С лицом, окаменевшим от напряжения, Пэйджен наклонился и очень нежно убрал волосы с ее лица. Упругие и густые золотистые локоны напомнили теплый шелк, разбудив более жаркие воспоминания. Пока Пэйджен разглядывал золотое облако, клубившееся в его пальцах, он чуть не заскрипел зубами. Он отчетливо помнил, как эти блестящие локоны закрывали их обоих в тот день на поляне у водопада. Ослепительно красивый блеск – самое прекрасное зрелище, которое он когда-либо видел, о котором он даже не мог мечтать. И то, что произошло, было непростительной ошибкой, которая не должна повториться.
Откуда-то издалека донеслось рычание леопарда, как напоминание о невидимой опасности, которая всегда поджидала его. Пэйджен стиснул челюсти. Боже, как он хотел коснуться ее, прижать к себе и снова ощутить себя на пороге рая. Но она принадлежала к другому миру, от которого Пэйджен давно отказался; он никогда не мог бы впустить ее в новую жизнь, которую он начал в Виндхэвене.
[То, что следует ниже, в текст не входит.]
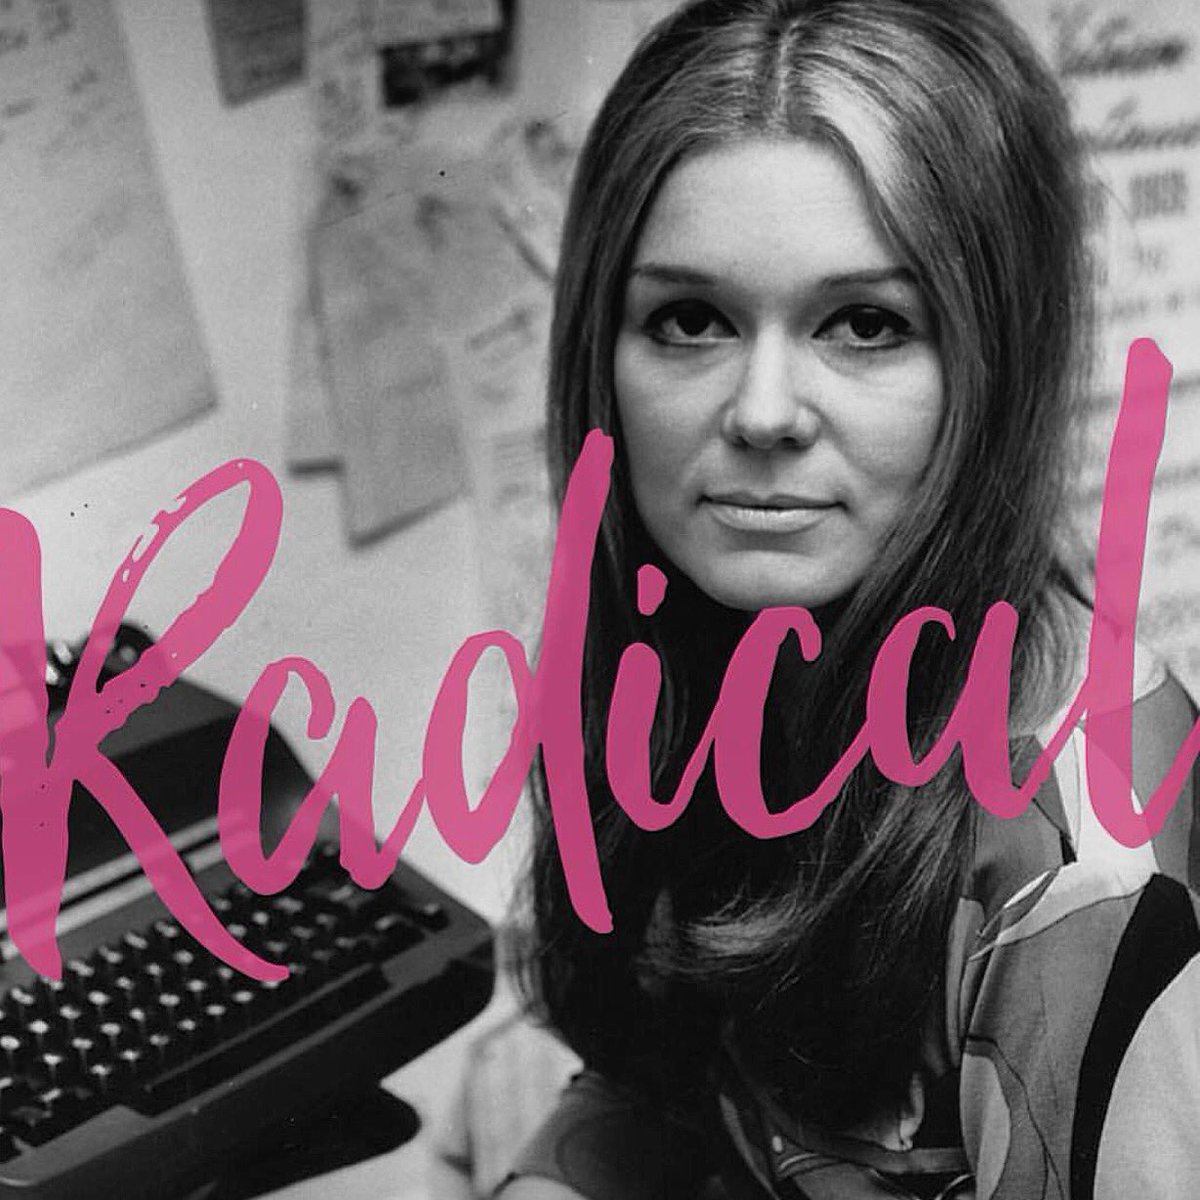 Happy Birthday #GloriaSteinem! Let's celebrate women everywhere who stand for #GenderEquality and #SocialChange. 🙋💪

С тяжелым вздохом он освободил руку от шелковых уз. Но даже и тогда кожа горела от ее прикосновения.
«Оставь ее, дурень. У тебя и так множество других проблем, чтобы переживать из-за златовласой искусительницы, посланной шакалом по имени Ракели».
Стиснув зубы, Пэйджен осторожно поднял руку Баррет и положил ее под одеяло. В течение долгого времени он стоял, размышляя о тех мечтах, которые могли бы сбыться или должны были сбыться, но никогда не сбывались. И каждая следующая была горше предыдущей. Он должен поспать или отдохнуть по крайней мере. Но, хотя его тело дрожало от усталости, Пэйджен знал, что все равно не сможет заснуть этой ночью, пока обворожительная Баррет спит под той же самой крышей.
Пэйджен резко отвернулся от того, ради чего пришел и чего хотел слишком сильно. На веранде он зажег тонкую сигару и сильно затянулся. В его глазах появился стальной блеск, как только он попробовал представить себе, что сделает с ней Ракели, когда узнает, что она потерпела неудачу.
Возможно, после того, как он закончит эту смертельную схватку с Ракели... Но это были пустые мечты. Даже если Ракели исчезнет из его жизни, имелись и другие причины. Да, он был должен отправить ее подальше отсюда, уверял себя Пэйджен. Каждая минута, каждая секунда, проведенная в ее обществе, уменьшала хрупкий запас его воли, и очередной срыв – это только вопрос времени. И в следующий раз они могли быть не так удачливы, чтобы избежать опасности в виде двуногих или четвероногих хищников, способных выследить их. Нет, он должен был отправить ее, и чем скорее, тем лучше.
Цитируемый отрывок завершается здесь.